Kelly glared at me as if my simple observation was idiotic or premature, or both.
“Oh, we can take the tree down,” the agent replied.
I sighed. “I don’t want to cut down more trees.”
“It’s okay; there are so many,” Girl Scout Kelly said. “Don’t worry. When we get close, I’ll find you a land surveyor.”
I turned and headed for the front door.
To Own or Not to Own?
After five open houses in three different towns, in two separate counties, I collapsed on my couch in my apartment, exhausted. Traveling solo around the world seemed effortless compared to this adventure. What’s with all the questions? Septic or well? Gas or propane? Fifteen- or thirty-year mortgage?
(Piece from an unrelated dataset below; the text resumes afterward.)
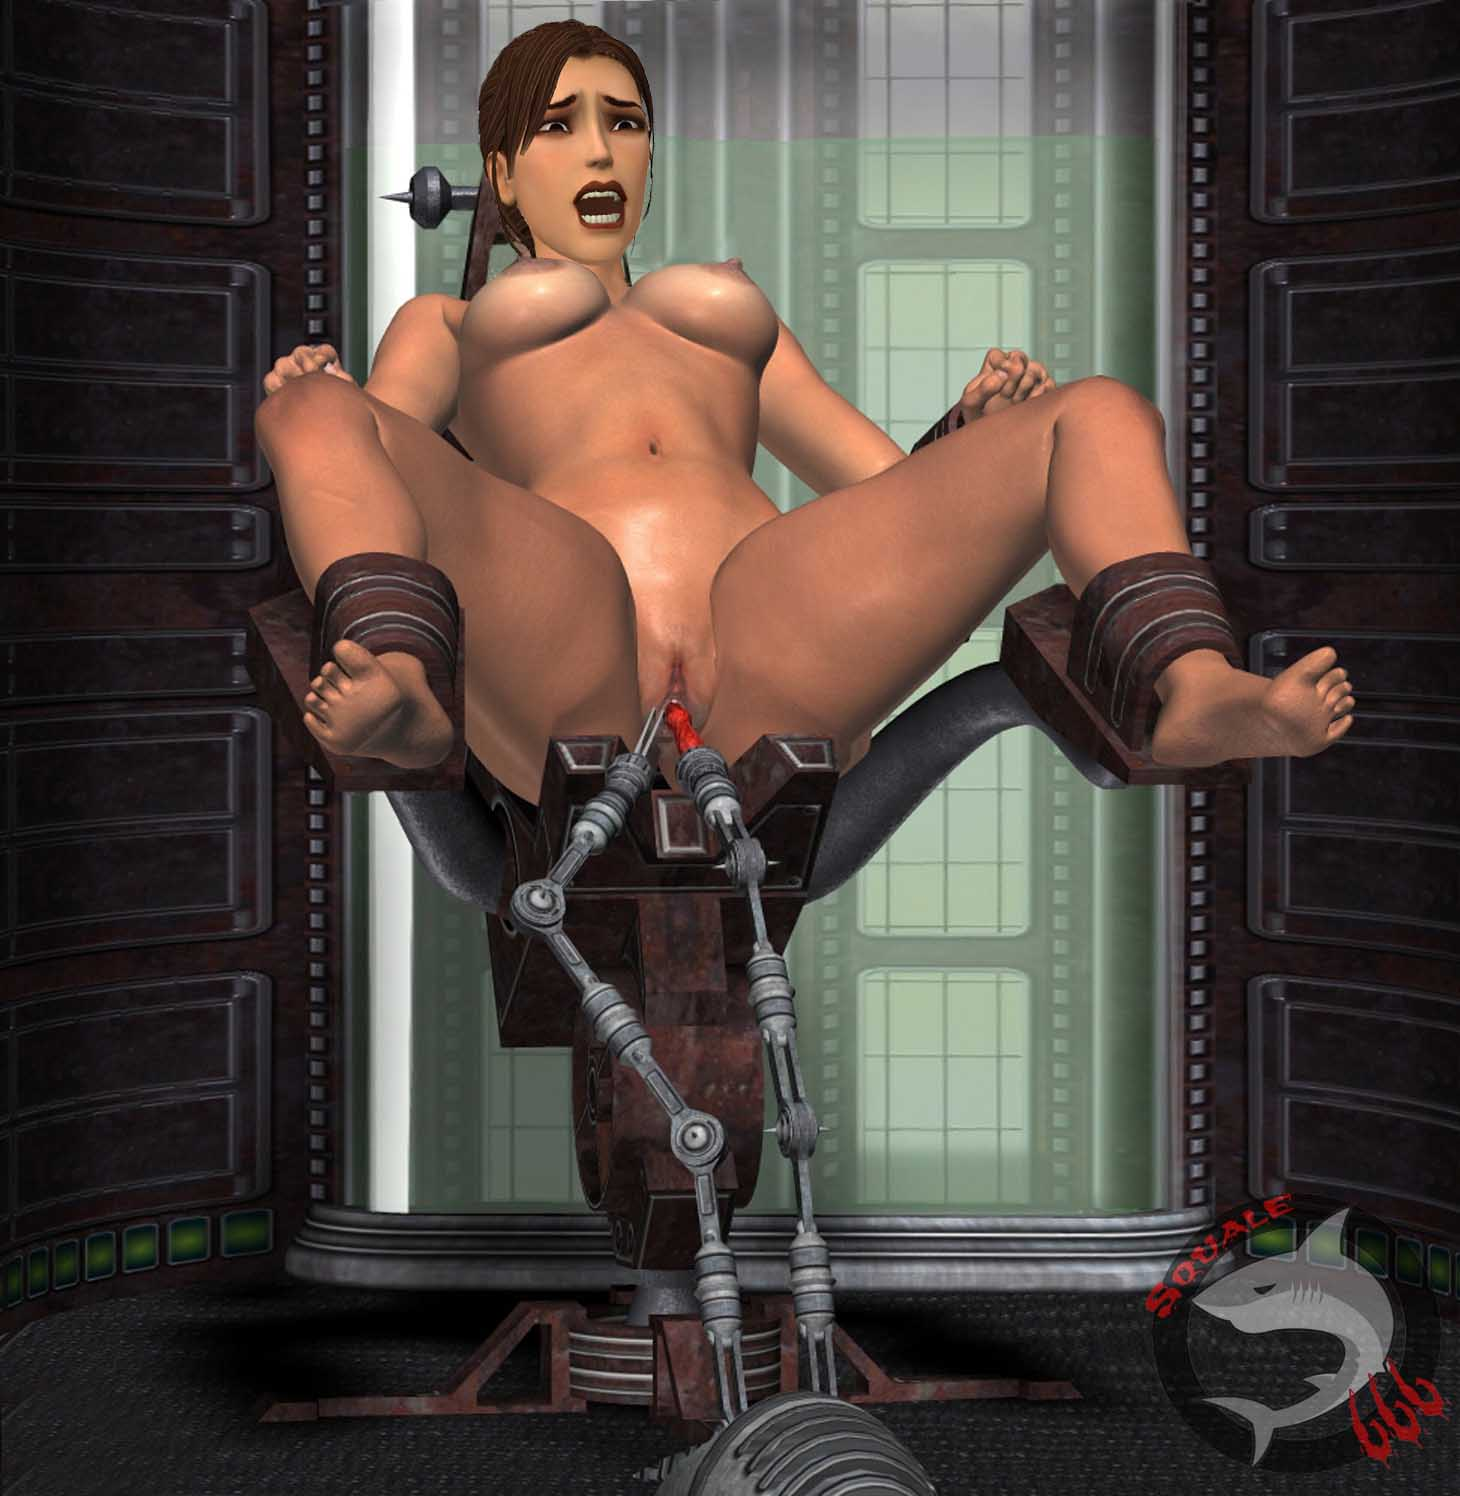 Tomb raider sex 3d 3gp erotica video
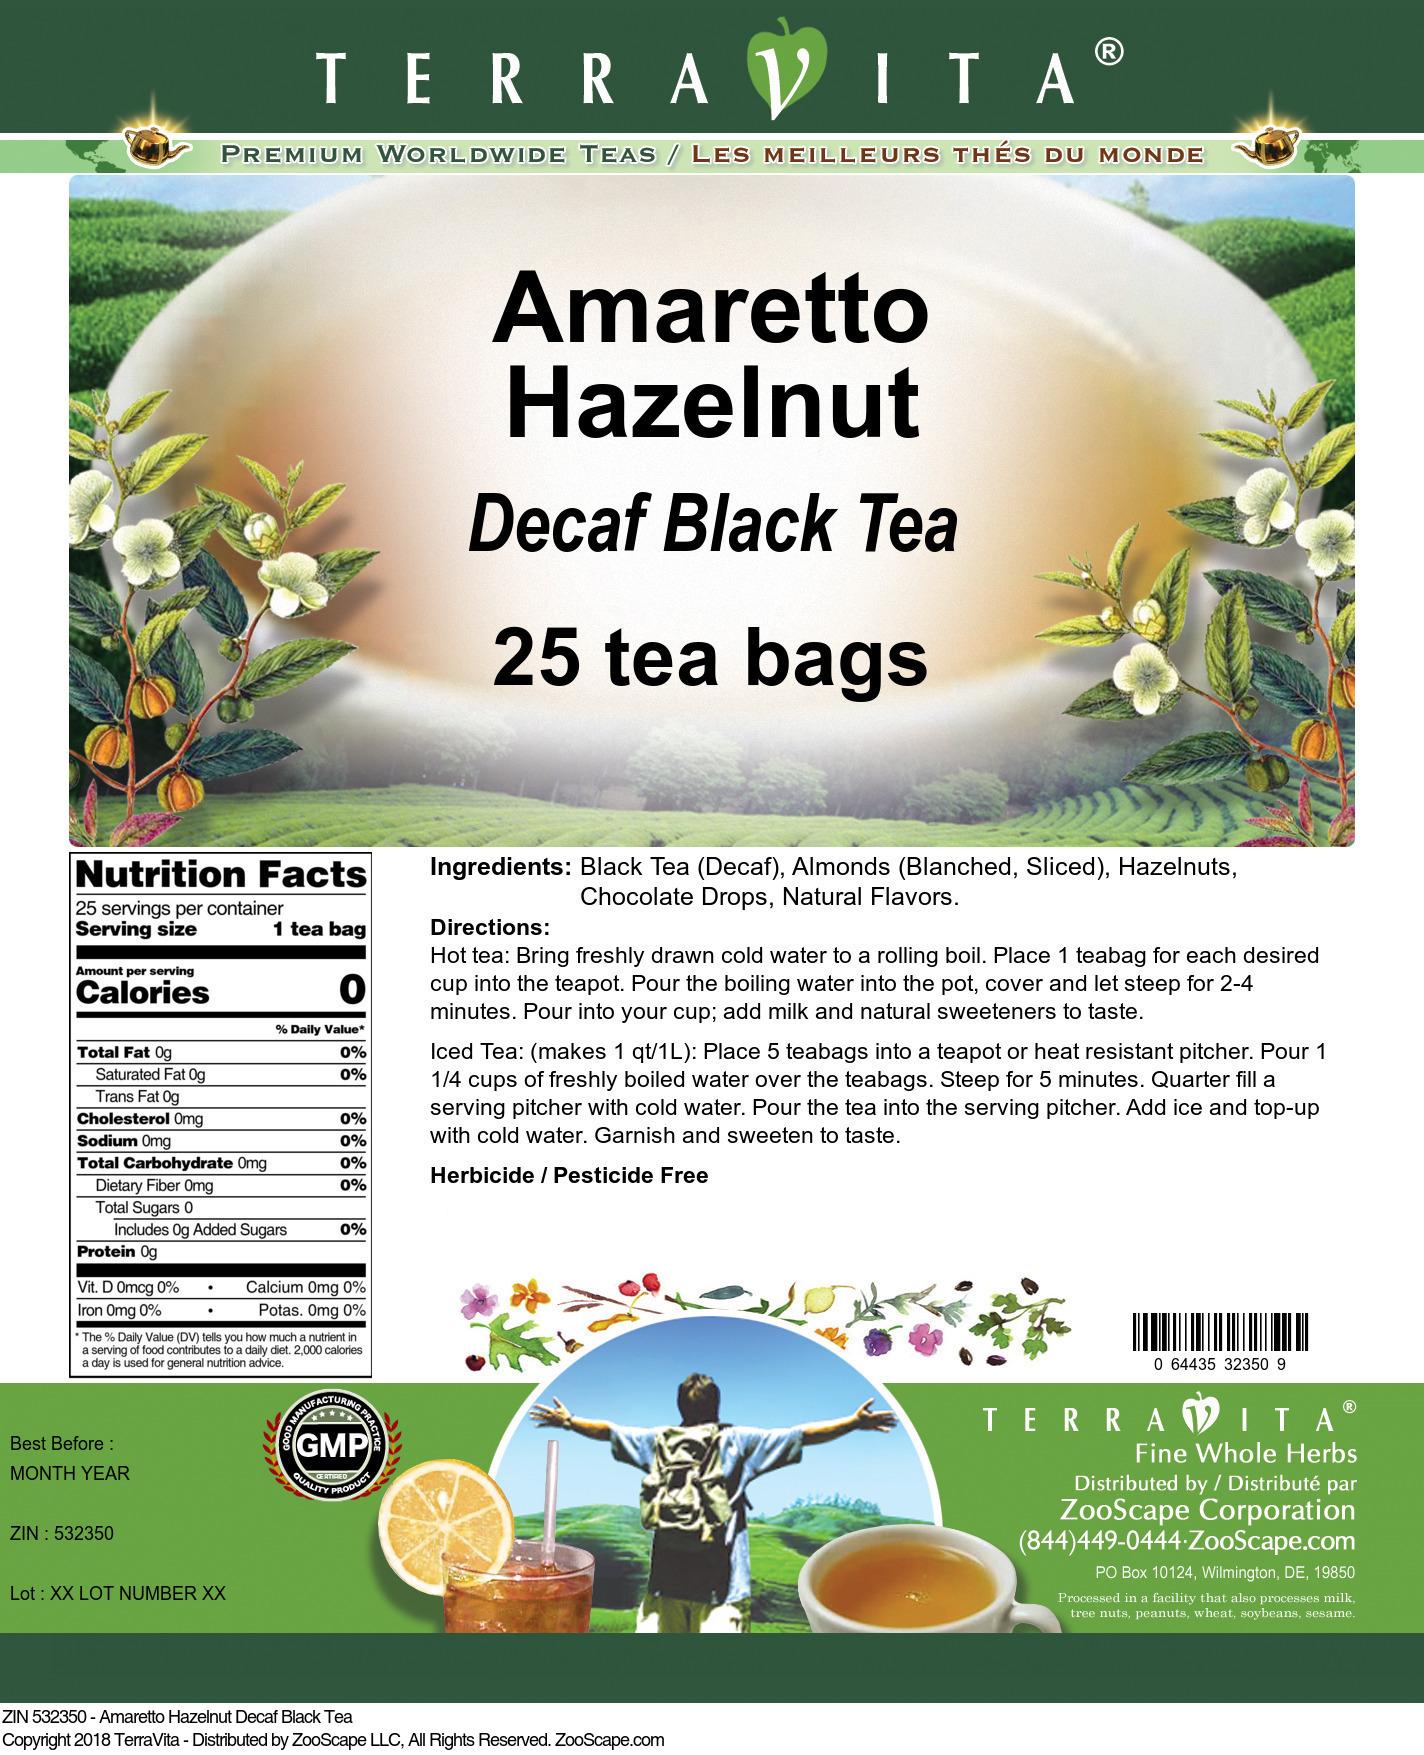 Amaretto Hazelnut Decaf Black Tea

I also wasn’t expecting my assertiveness to be tested while traipsing through strangers’ bedrooms in white booties and a mask.
However, the experience has allowed me to see how quiet I’d been in the past, suppressing desires while listening to others’ opinions about my needs. It seems that I’ve found my voice.
I’m not convinced that I’m homeowner material, but I do know that my search can be a blank slate where I can affirm and practice articulating my preferences. Writing this part of my story has the advantage of awareness and, fingers crossed, wisdom. Trusting in myself and the wherewithal to know when to walk away—be it a house, job, or relationship—is exquisitely empowering, scary, and fun.